Home > Open Season(7)

Open Season(7)
Author: Linda Howard

“Well, it’s about time,” Aunt Jo said.

“We’ll help,” her mother said, beaming.

TWO

Daisy drove to work on automatic pilot. Luckily she had no stop signs to worry about and only one traffic light: one of the benefits of small-town life. She lived only five blocks from the library and, to save the environment, often walked to work if the weather was good, but the rain was still pouring down and during the summer the heat always got the best of her conscience anyway.

Her brain fizzed with plans, and before she put her purse in the bottom drawer of her desk, she took out the sheet of paper on which she had scribbled the items she needed to tackle, to study them again. Her mother and Aunt Jo had been bubbling with excitement, adding their own ideas, and after careful thought they had all agreed that she should take care of the big-ticket items first. She had a healthy balance in her checking account, due to living with her mother and Aunt Jo and sharing expenses with them, not that the groceries and utilities ever amounted to that much, and the old house was long since paid for. Her car was an eight-year-old Ford, financed for three years, so she hadn’t even had a car payment for the past five years. The salary of a small-town librarian wasn’t great, even though she was director of the library, which was a glorified title that didn’t amount to anything, since the mayor’s office retained hiring and firing authority; she got to choose which books the library bought with its less-than-impressive budget, and that was about it. But when you put at least half, sometimes more, of even an unimpressive salary into savings every year, it added up. She had even begun investing in the stock market, after carefully researching her chosen companies on the Internet, and done very well, if she did say so herself. Not that Warren Buffett had any reason for jealousy, but she was proud of her nest egg.

The bottom line was, she could easily afford a place of her own.
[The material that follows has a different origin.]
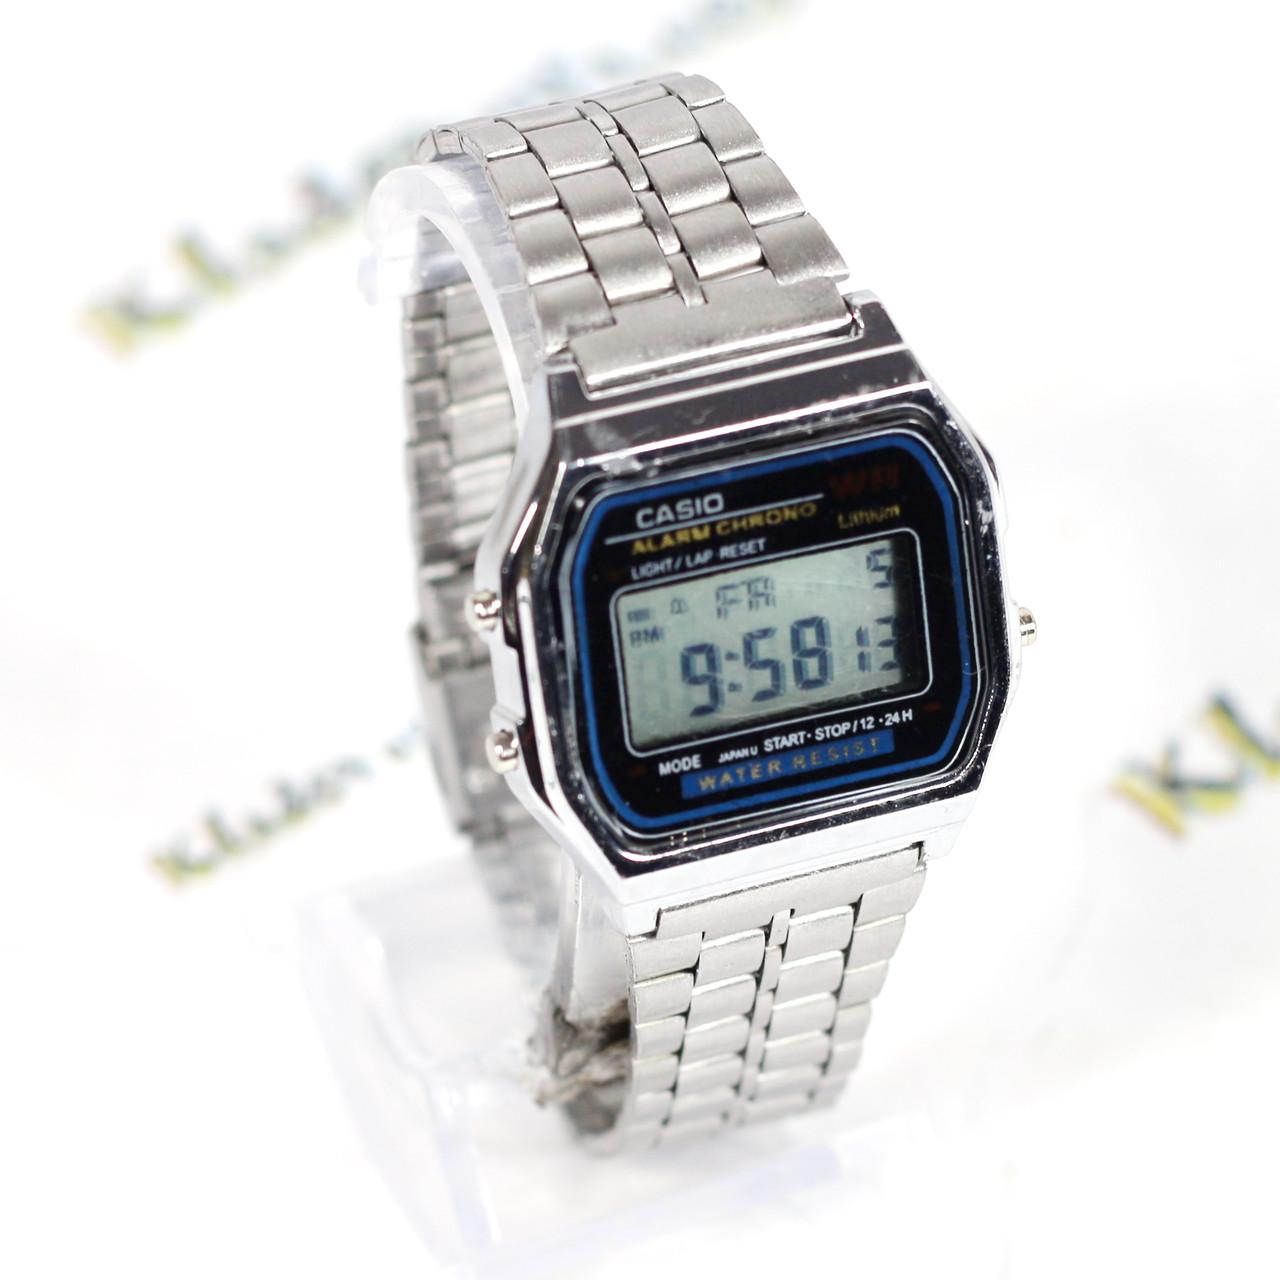 00592b94 Ретро Электронные часы Casio A159W - Интернет-магазин

However, there weren’t very many places available for rent in Hillsboro, Alabama. She could always move to one of the larger towns, Scottsboro or Fort Payne, but she wanted to stay close. Her sister had already moved to Huntsville, and though that wasn’t really all that far, about an hour’s drive, it still wasn’t the same as living in the same town. Besides, Temple Nolan, the mayor, had a real obsession about hiring only Hillsboro citizens for municipal jobs, a policy that Daisy approved of. She could hardly ask him to make an exception in her case. She would just have to find some place here in Hillsboro to live.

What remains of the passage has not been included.